How long have you been doing triathlon?

General reply to some of the discussion here.

Testing on my TT bike is an excellent idea! I may very well have been overbiking when looked at from that perspective. I’m also an avid MTBer so having a road bike on the trainer is an acceptable compromise for my needs. I’ve spent a winter with the TT bike on the trainer and have no interest in repeating that experience. Train as you race, yes. I’m also not winning these things outright. I’ve always felt that is icing the cake and I’m still in the process of baking. I ride it once a week to stay in touch with the position.

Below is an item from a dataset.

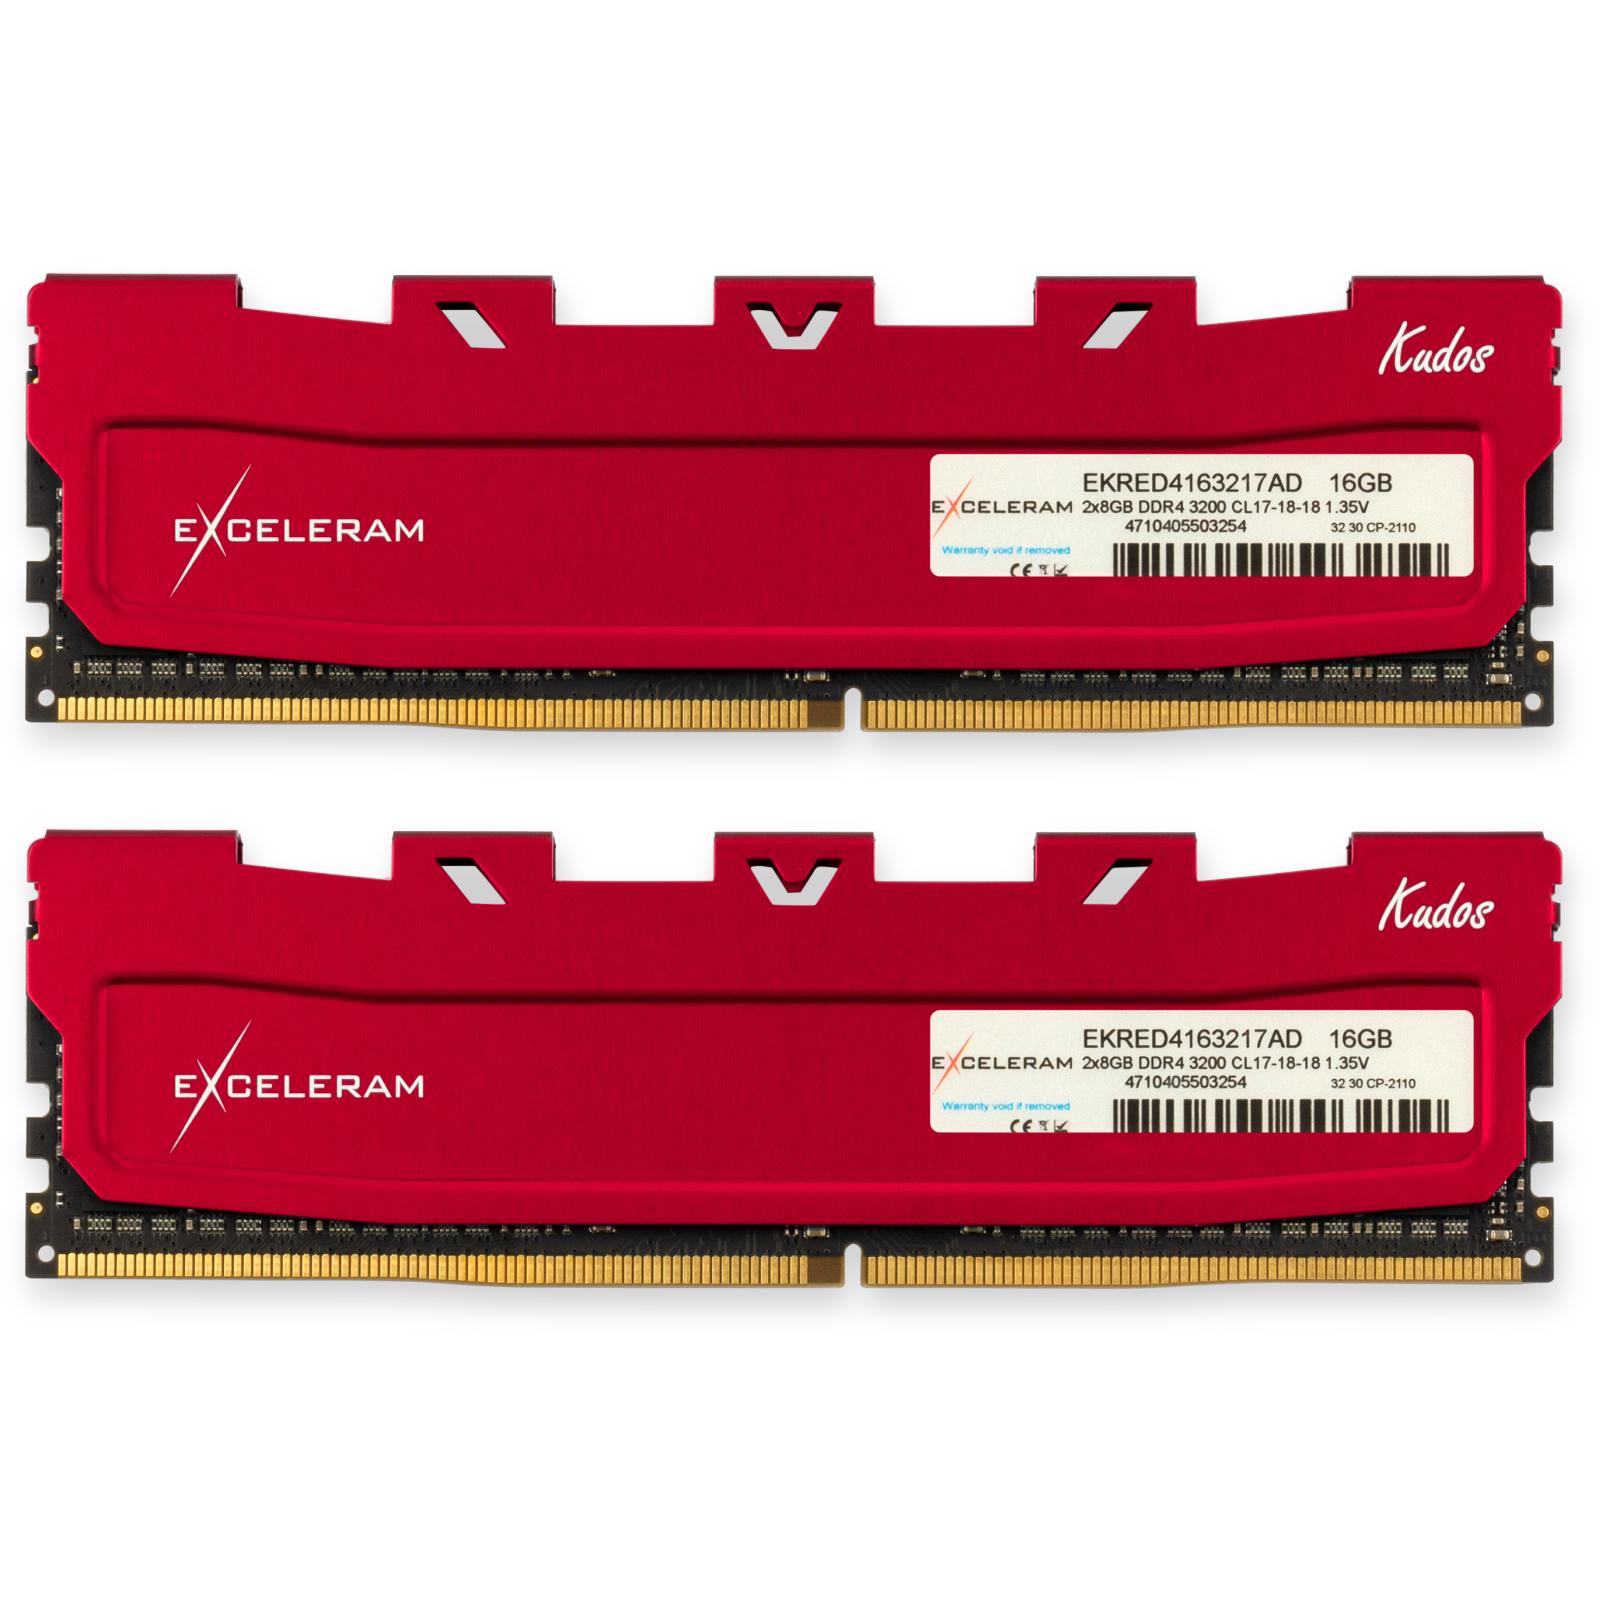 Модуль памяти для компьютера DDR4 16GB (2x8GB) 3200 MHz Kudos Red eXceleram (EKRED4163217AD)

I’ve been doing triathlon for 6 years. I’m a short course guy for sure. No IM aspirations at all. I’m ok with suffering on the run. In fact, I was ready to suffer even more in the closing stage, my muscles just couldn’t handle any more speed.

I think I’ve landed on 2 immediate courses:

  1. Test on my TT bike so I know what ~90% really is.
  2. Swap a few speed interval sessions for hill repeats.

I haven’t seen a plateau in my power or running speed but I know one is imminent. Once I find that next plateau I’ll contemplate training on my TT bike full time.

They did. Your last two miles were the fastest pace you ran that day.

You might have been mentally ready to suffer through a couple of 4 minute miles to finish but given that is unlikely you still went slightly faster in the closing stages than the early part of the run. That’s good racing and something to be pleased with.